A federal judge on Friday ruled that four senators and two staff members do not have to testify as part of lawsuit challenging a new Florida election law that opponents say makes it more difficult for some voters to cast ballots, reports Michael Peltier of the News Service of Florida.
Following more than an hour of arguments, U.S. District Judge Robert Hinkle denied a motion filed on behalf of the League of Women voters and others asking that two Senators, two House members and two legislative staffers be required to give depositions and turn over notes regarding their decisions leading to the passage of legislation last year that made changes the group says are discriminatory.
Ruling from the bench after a brief intermission, Hinkle said common law and long-standing precedent give state lawmakers and their staff members a qualified privilege not to disclose the reasons for their actions relating to legislation.
Though not an absolute privilege, Hinkle said plaintiffs — which also included the U.S. Department of Justice and the National Council of La Raza, a Hispanic voter advocacy group –failed to make their case that the circumstances surrounding the request were so extraordinary that the court should overlook precedent that grants lawmakers wide latitude to keep their motivations private.
“The existence of a privilege is honored, in many cases, as a matter of course,” Hinkle said “… It is derived from the chilling effect it would have (on the legislative branch.)”
The lawmakers targeted for depositions were Rep.
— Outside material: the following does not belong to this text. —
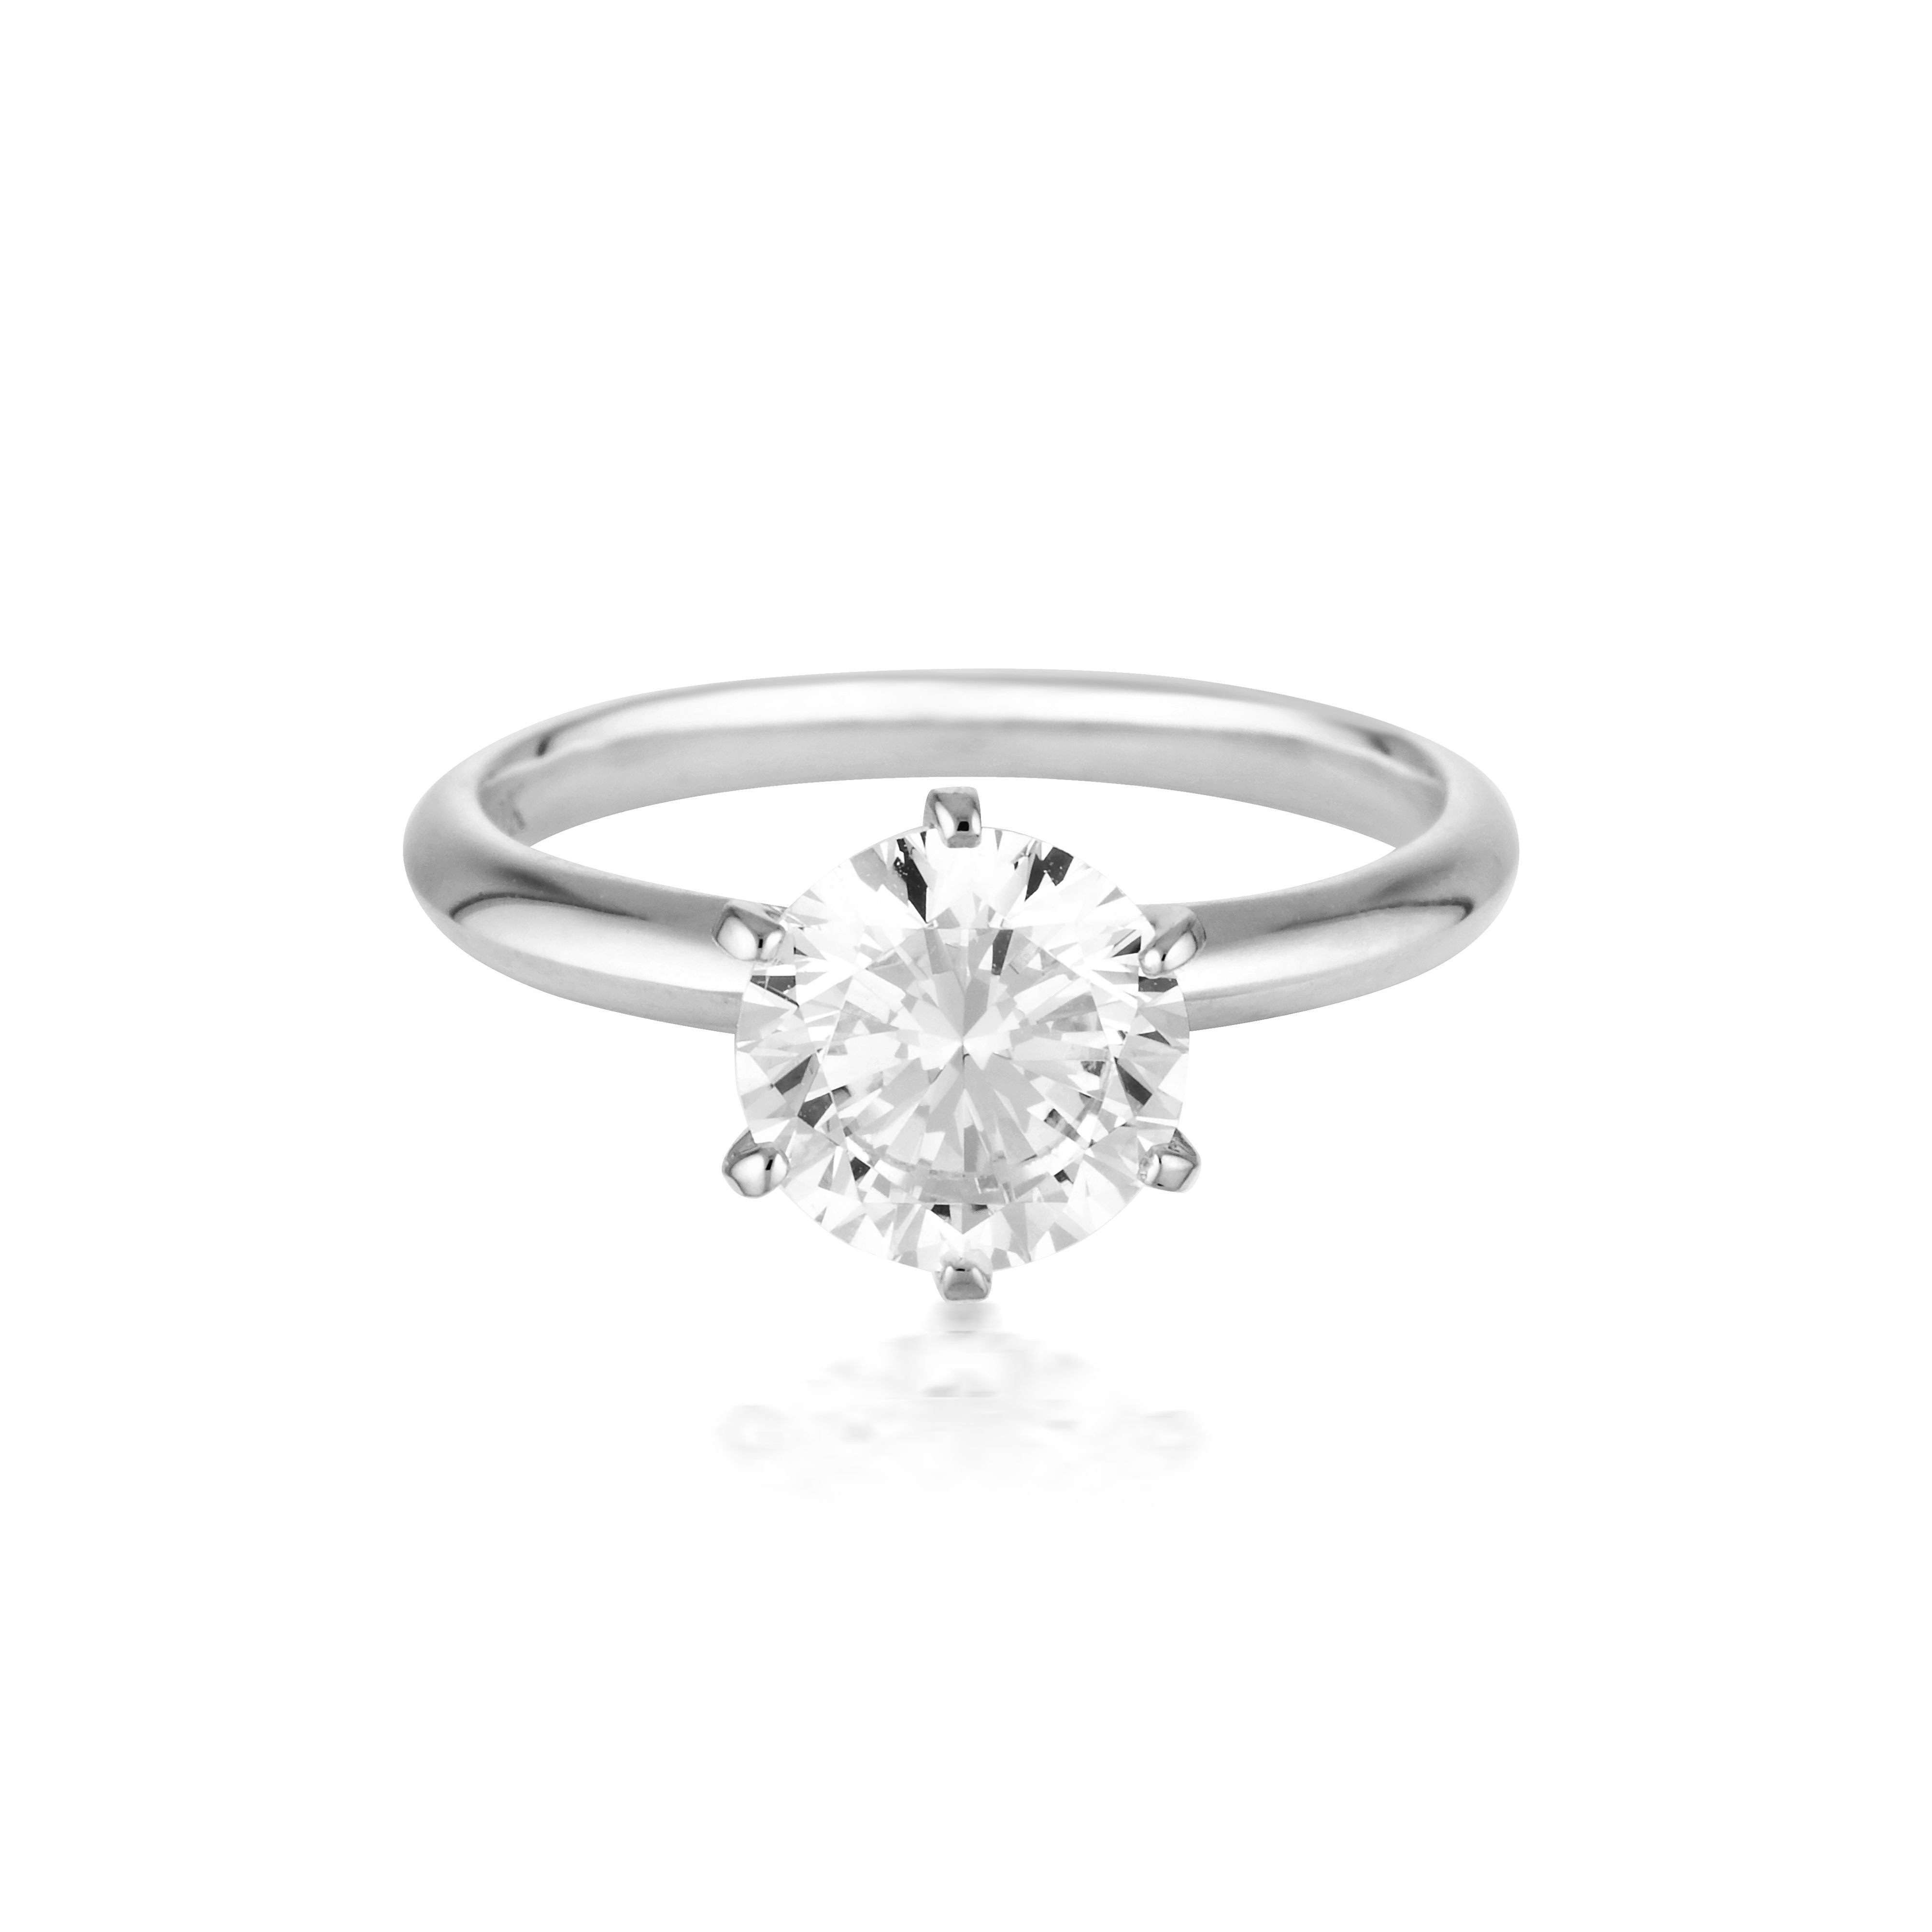 Georgini - Round Brilliant Cut 2Ct Cubic Zirconia Solitaire With Knife Edge Band In 9Ct White Gold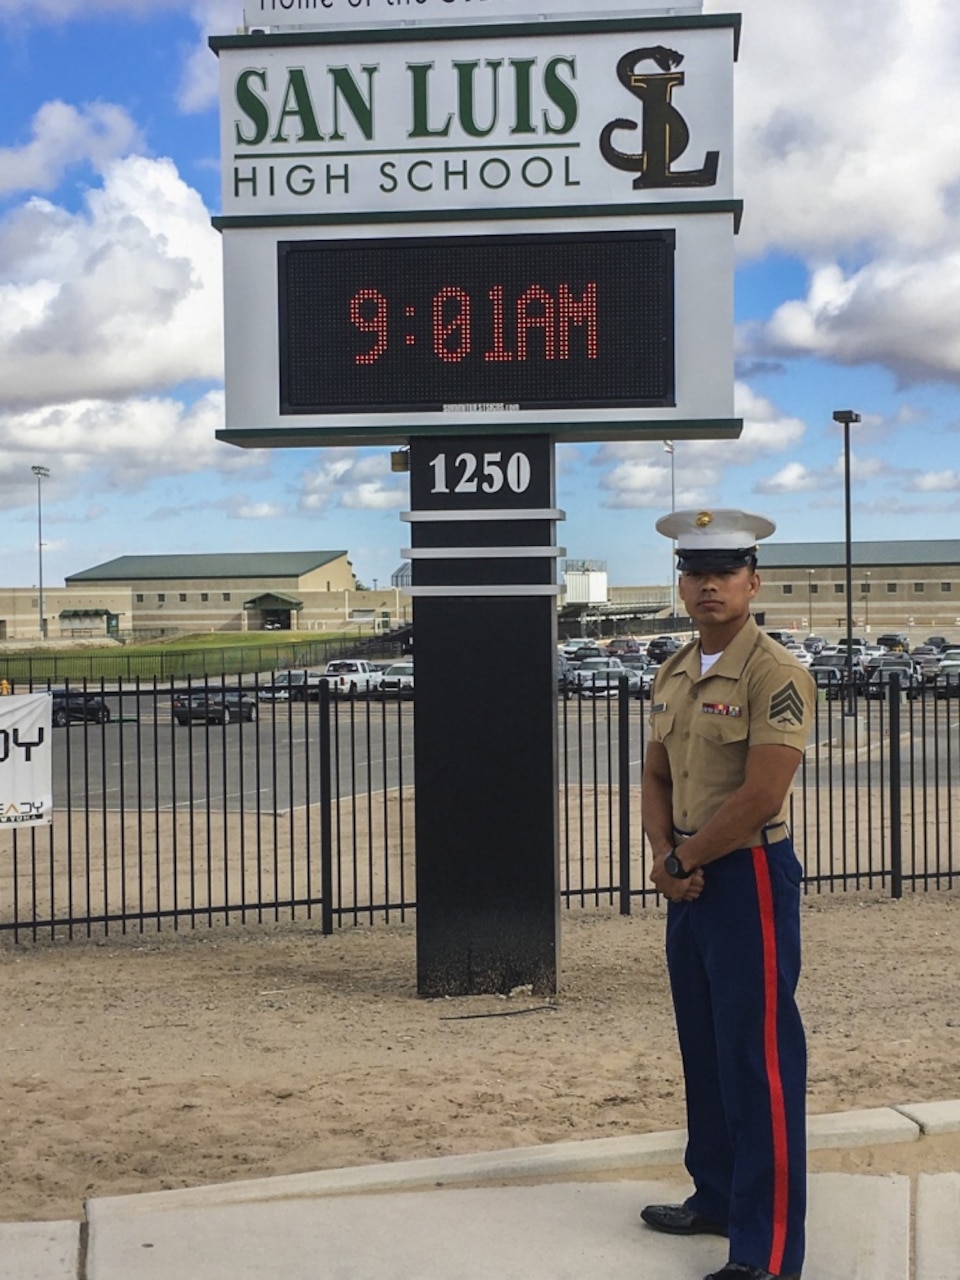 Sergeant Edwin Carranza, a canvassing recruiter with Recruiting Station Phoenix, poses in front of San Luis High School in San Luis, Ariz., Sept. 20 2018. Carranza attended this high school and has returned as a canvassing recruiter with Recruiting Station Phoenix. (U.S. Marine Corps photo by Sgt. Alvin Pujols)

Dennis Baxley, an Ocala Republican who sponsored the elections bill; House State Affairs Chairman Seth McKeel, R-Lakeland; Senate Ethics and Elections Chairman Miguel Diaz de la Portilla, R-Miami; and Sen. Paula Dockery, R-Lakeland, all of whom remain sitting legislators. The staff members are Heather Williamson, of the House Government Operations Subcommittee and Jonathan Fox, of the Senate Ethics and Elections Subcommittee.
Baxley, McKeel and Diaz de la Portilla supported the bill, while Dockery did not.
Hinkle’s decision Friday affects a related case in Washington D.C. where a three-judge panel will rule on parts of last year’s elections bill, HB 1355, under the Voting Rights Act. Florida must receive what is known as “preclearance” — in effect approval to move forward with the election changes — because of past discrimination in five counties.
The three-judge panel in D.C. will look at four major issues: New requirements on groups that conduct voter-registration drives; new requirements on petition signatures for proposed constitutional amendments; new restrictions on people who try to change their addresses at the polls; and new limits on early voting.
As part of that case, the group subpoenaed the Florida lawmakers, and they challenged the depositions in the U.S. District Court for the Northern District of Florida.
An attorney for the federal government told Hinkle Friday the Florida lawmakers’ testimony is needed to flesh out other evidence that is being gathered for the case.
“The documents themselves don’t speak for themselves,” said Elise Shore, an attorney for the Department of Justice.
Following Hinkle’s ruling, Daniel O’Connor, an attorney representing the League of Women Voters and La Raza in the case, said he would consult with his clients to determine if they will appeal Hinkle’s ruling to the 11th Circuit court of Appeals in Atlanta.